*** Opening of DATA SECTION ***

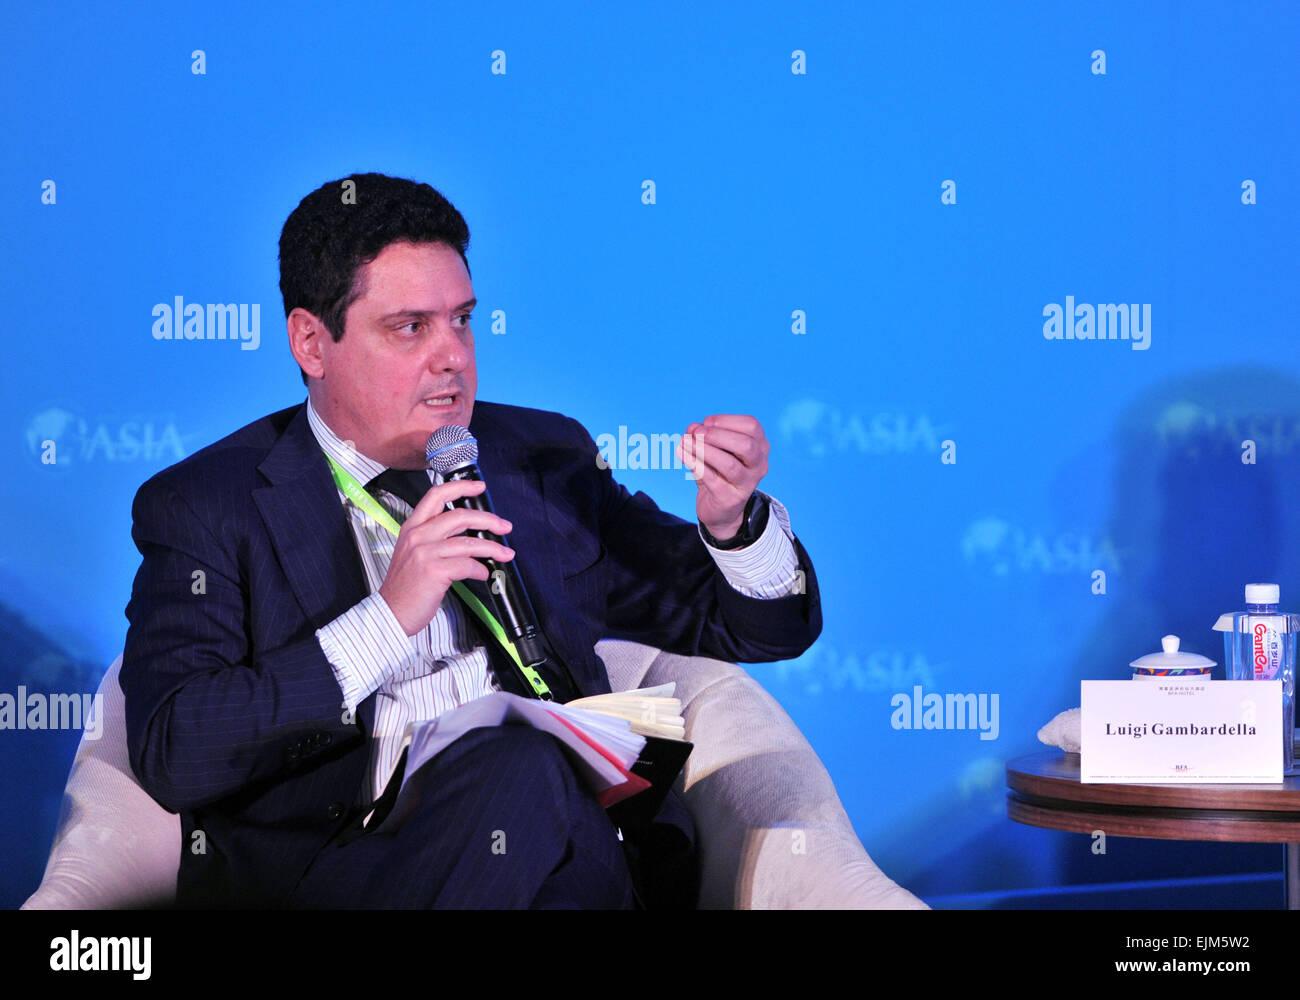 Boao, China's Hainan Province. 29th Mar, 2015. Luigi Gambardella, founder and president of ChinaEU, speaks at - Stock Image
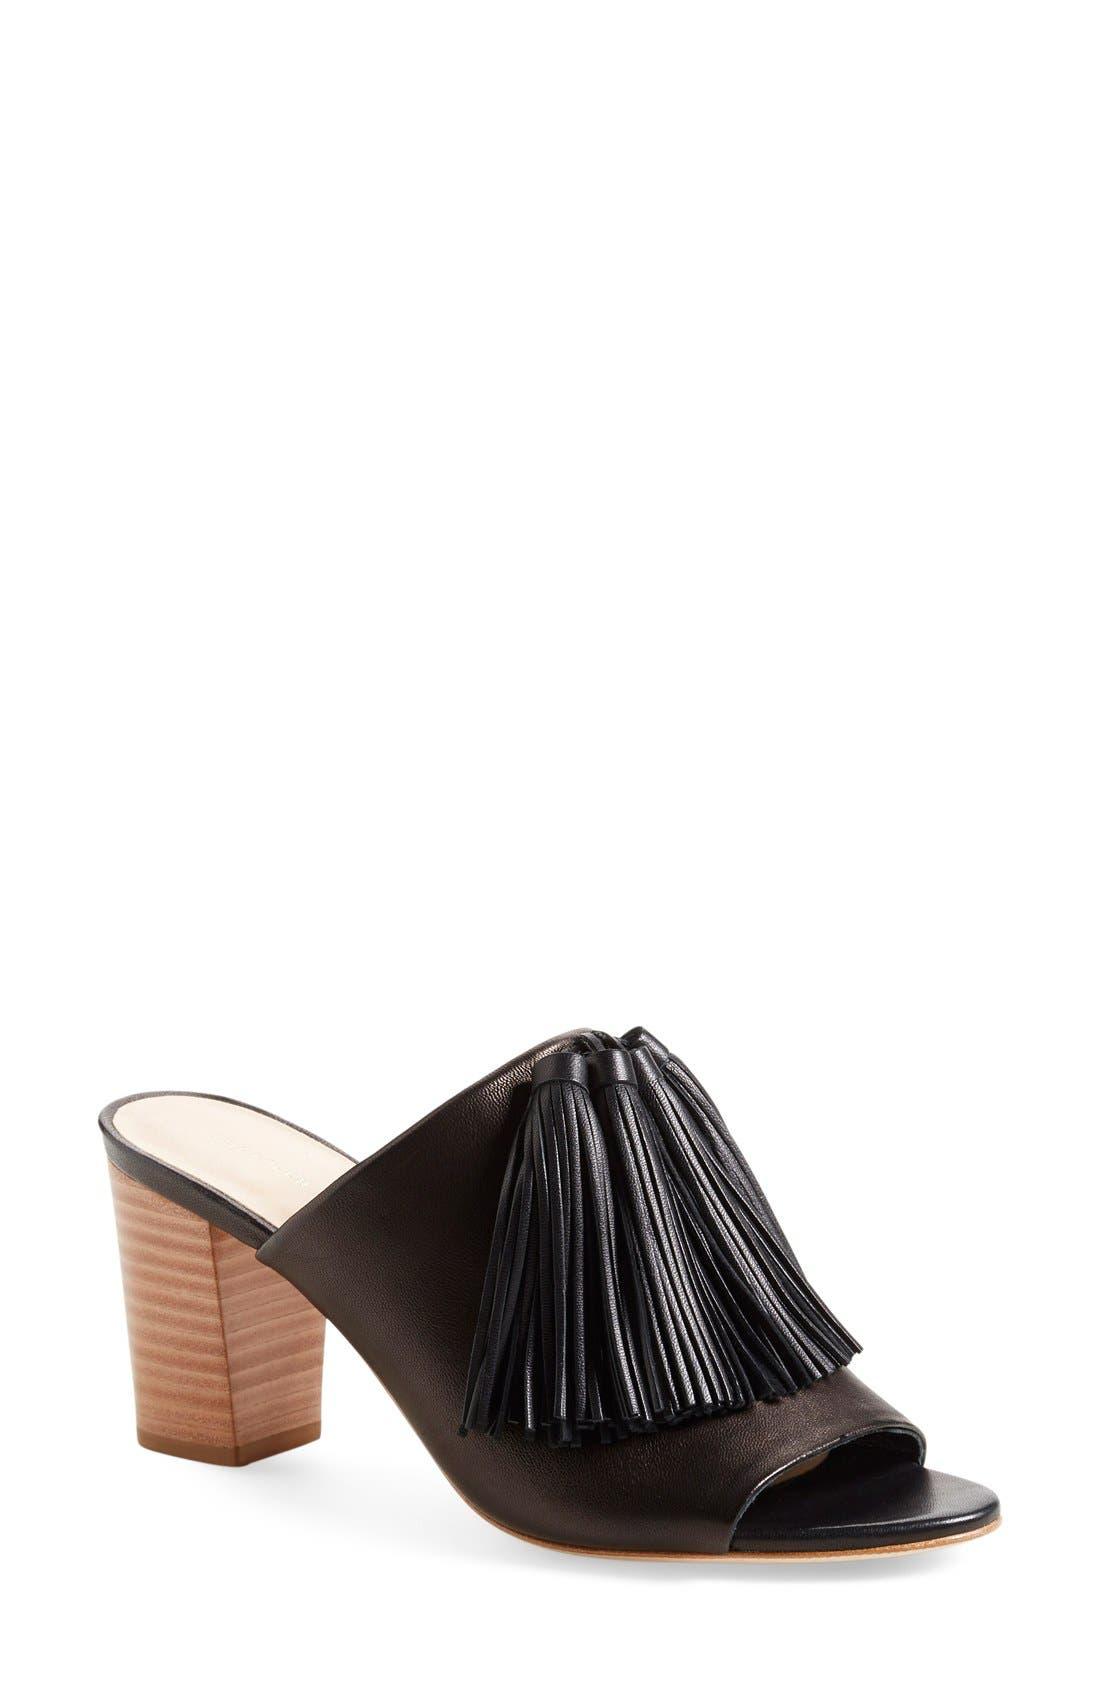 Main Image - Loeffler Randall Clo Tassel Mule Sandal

*** Close of DATA SECTION ***
*** Opening of DATA SECTION ***

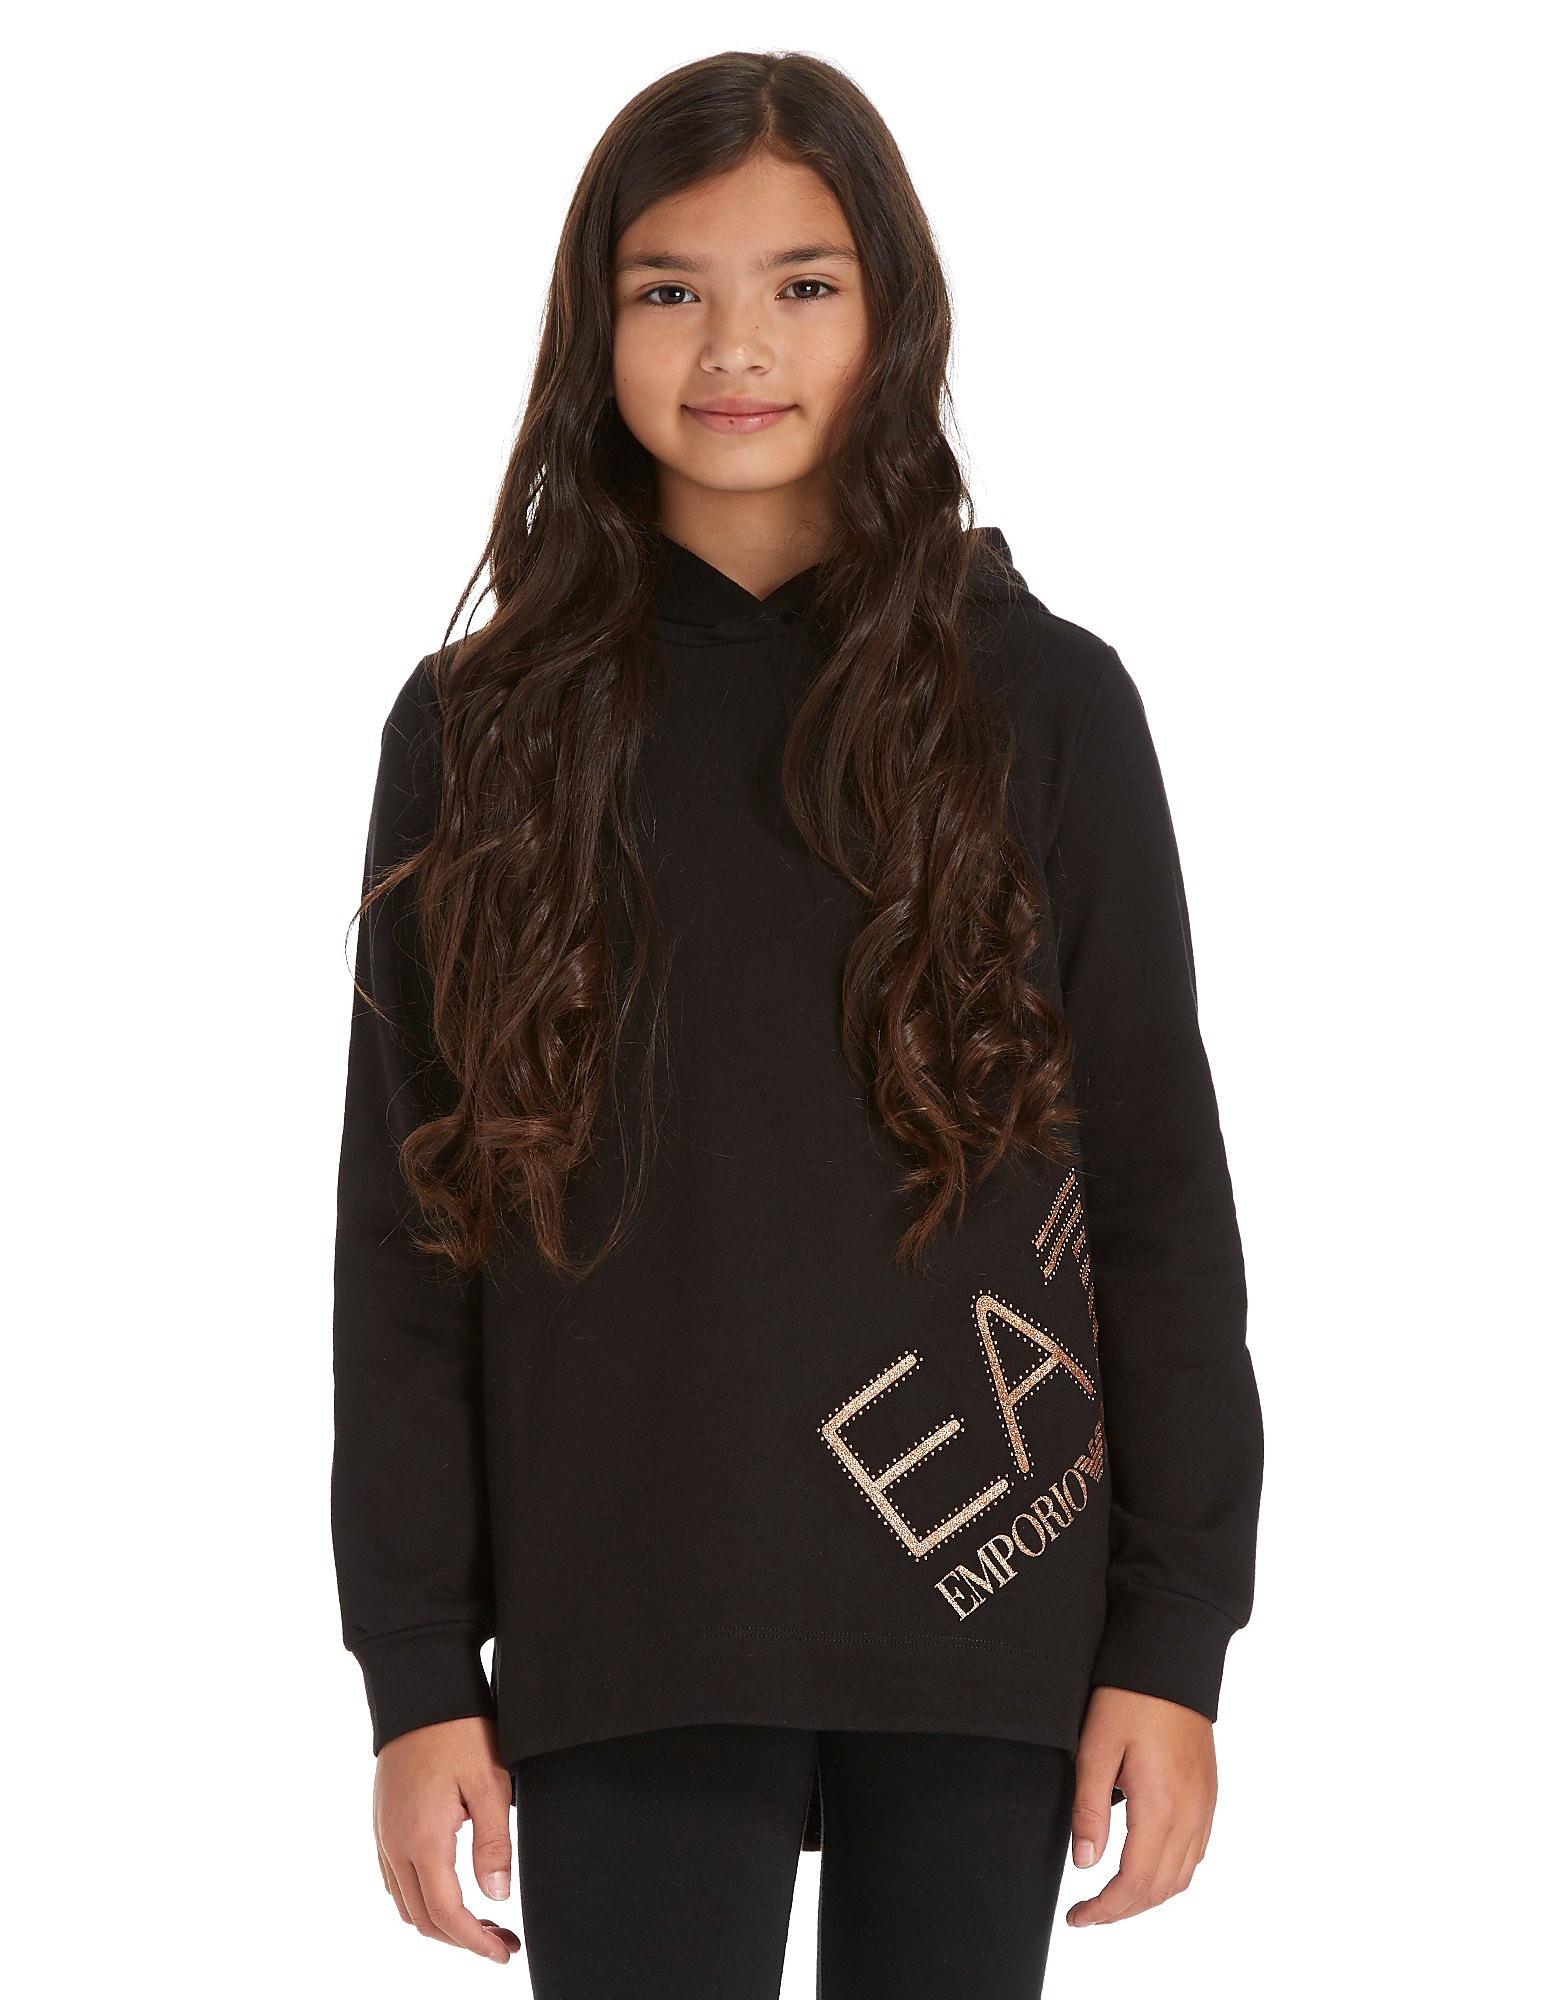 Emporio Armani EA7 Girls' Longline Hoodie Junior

*** Close of DATA SECTION ***
*** Opening of DATA SECTION ***

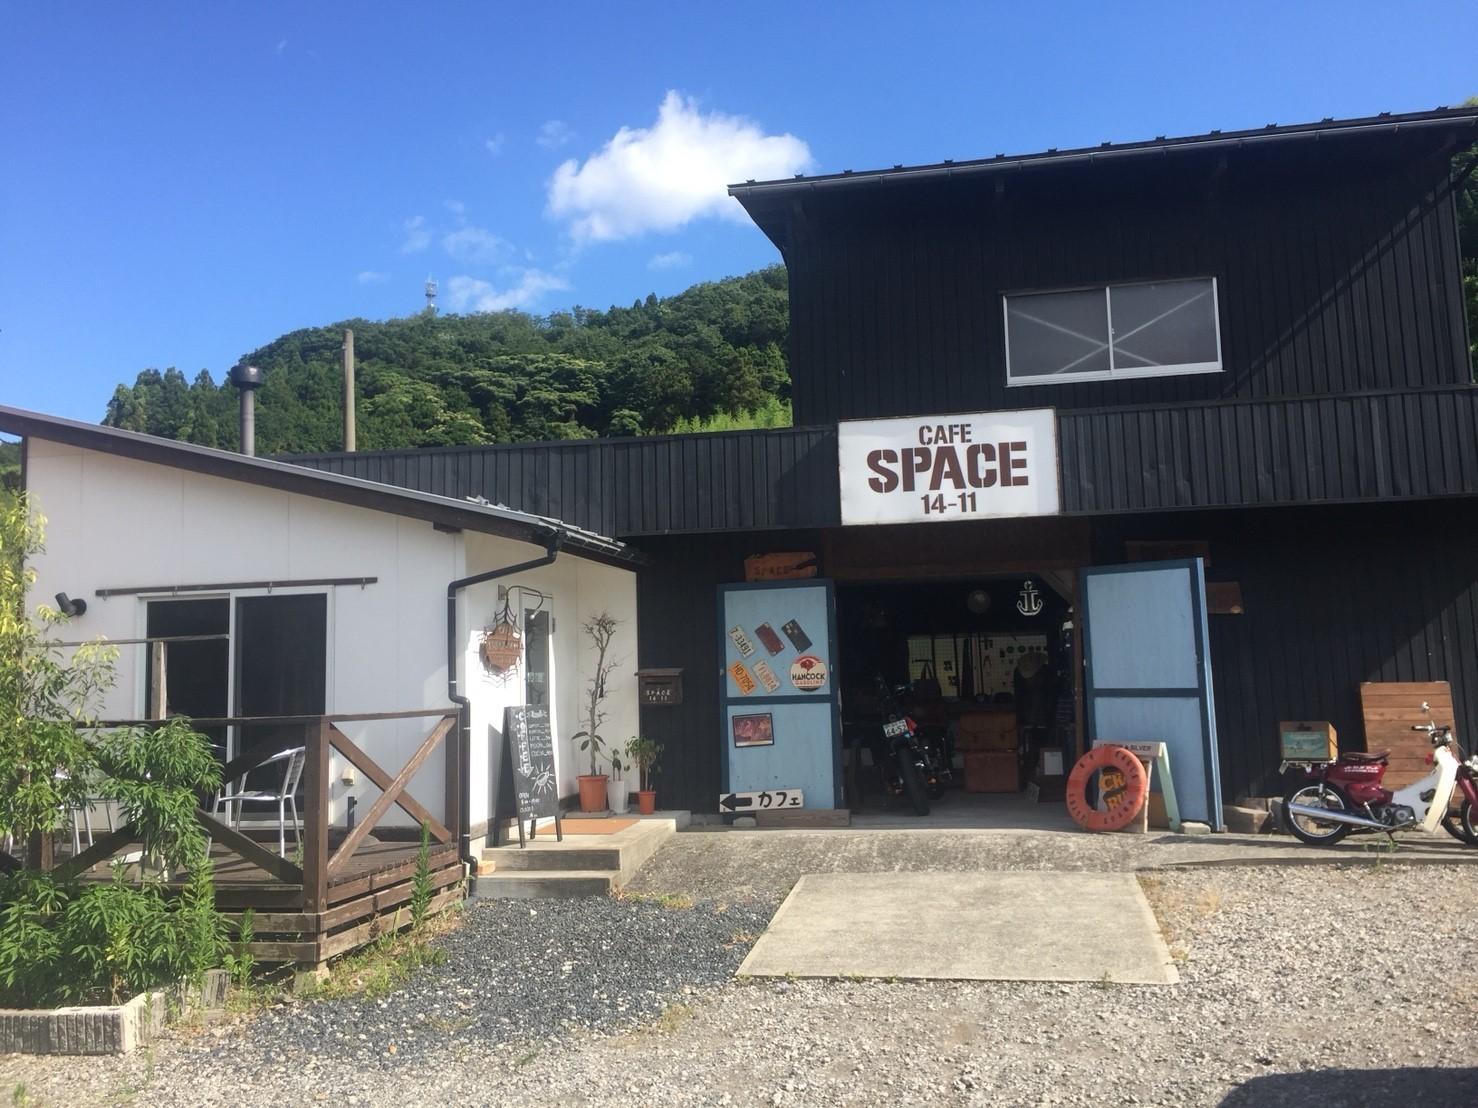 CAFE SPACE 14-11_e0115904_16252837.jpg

*** Close of DATA SECTION ***

> WORK TO COMPLETE:
For this task, return exactly the stretch of the listing above from the line with "Boao, China's Hainan" through the line with "Main Image - Loeffler", inclusive and without pictures.

> RESPONSE AREA:
 Boao, China's Hainan Province. 29th Mar, 2015. Luigi Gambardella, founder and president of ChinaEU, speaks at - Stock Image
 Main Image - Loeffler Randall Clo Tassel Mule Sandal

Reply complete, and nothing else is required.